You will have read in earlier updates that two recce teams have already visited the villages of Lapcha and Ghunsa to the east, and the Bahrabise School for the Deaf as well as Kutumsang, Milarepa and Melamchigaun Health Posts and schools in central Nepal. The third recce party, led by Doug will include his wife Trish, a medic Dr Iain Watt, geologist Simon Eden, construction expert Glynn Utting, and long time CAN supporter, member of recce team one and Shelterbox David Webber.

They will visit Ghyamrang Health Post and school which survived the earthquake, but has now been washed away by the monsoon. They will also visit Rohi Guan School. They will then, after a series of meetings visit the remote communities and Health Posts of North Gorkha – Bihi, Prok, Lihi, Lho and Sama Gaun – who have been isolated by massive rock avalanches which have blocked the trails.

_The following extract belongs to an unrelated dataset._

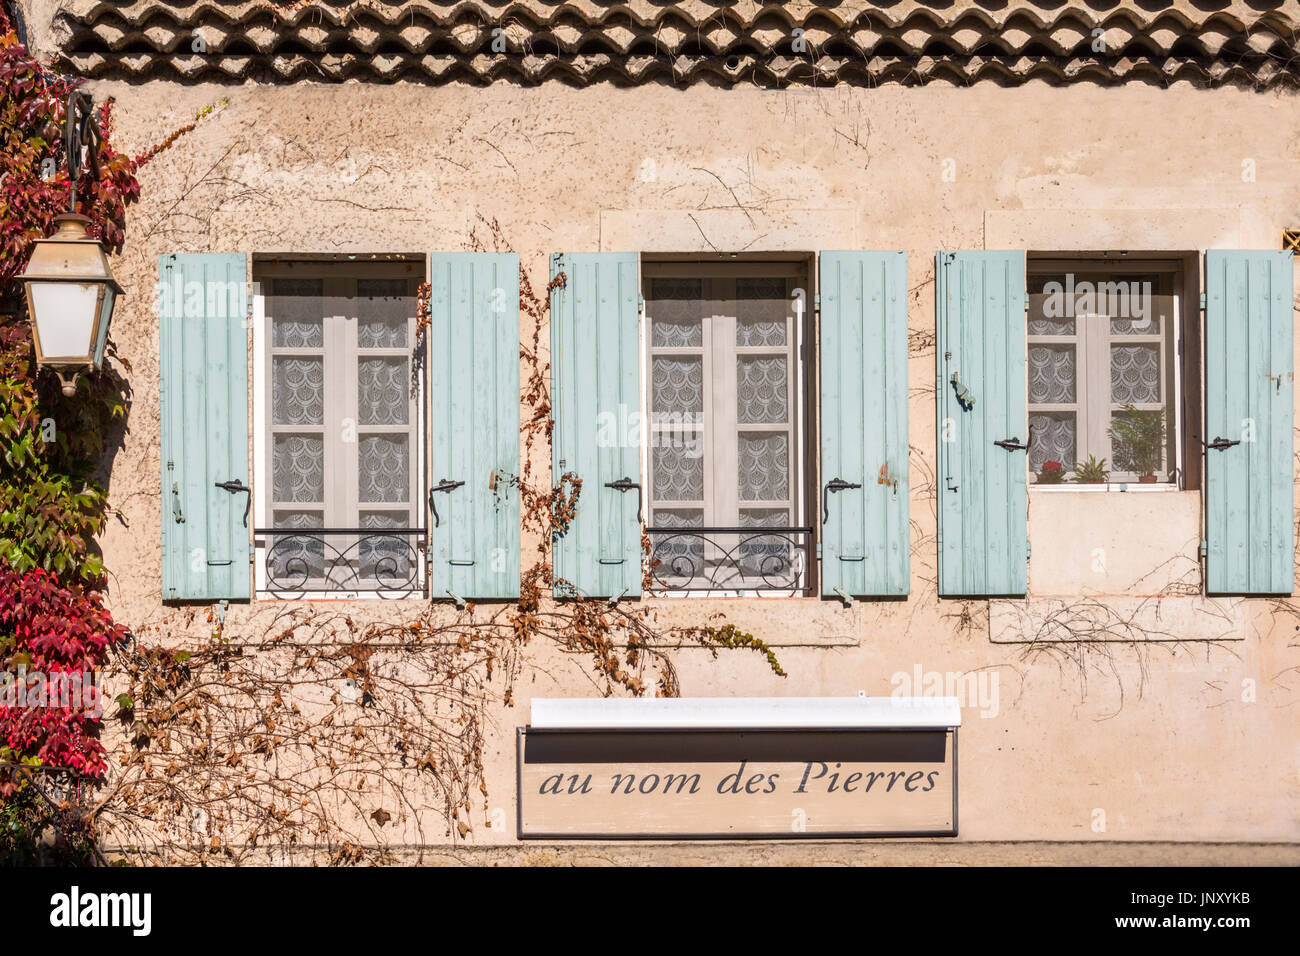 Lourmarin, Luberon, Provence, France - le 9 octobre 2015 : Façade de boutique à Lourmarin, Luberon, France. Banque D'Images

These communities are supported by CAN and the recce party will assess the situation on the ground, replenish essential medical supplies as well as supplying food and tarpaulins. Anil Bhandari and Tej Tamang have for several weeks been helping the communities construct temporary shelters.

Doug and the recce team also intend to visit Langtang valley and assess the possibility of rebuilding Langtang School and Health Post, if and when required after it is decided where to rebuild Langtang village that was completely buried under the massive rock avalanche.

There will be continuous round of meetings, none more important than with the office staff, the management committee and local project committee chairmen, nearly all of whom have lost their homes to the earthquake. It will be an emotionally charged visit – more so than any of Doug and Trish’s previous trips to Nepal.


This has been a very brief update and we apologise for the absence of a more formal newsletter, but hope you will understand our need to prioritise. Our main objective was to thank you for your continued support, provide a sense of how we are planning to spend your money, and to underline the continued size of the challenge that lies ahead of us in making our contribution to the shattered lives of these poor but immensely resourceful people.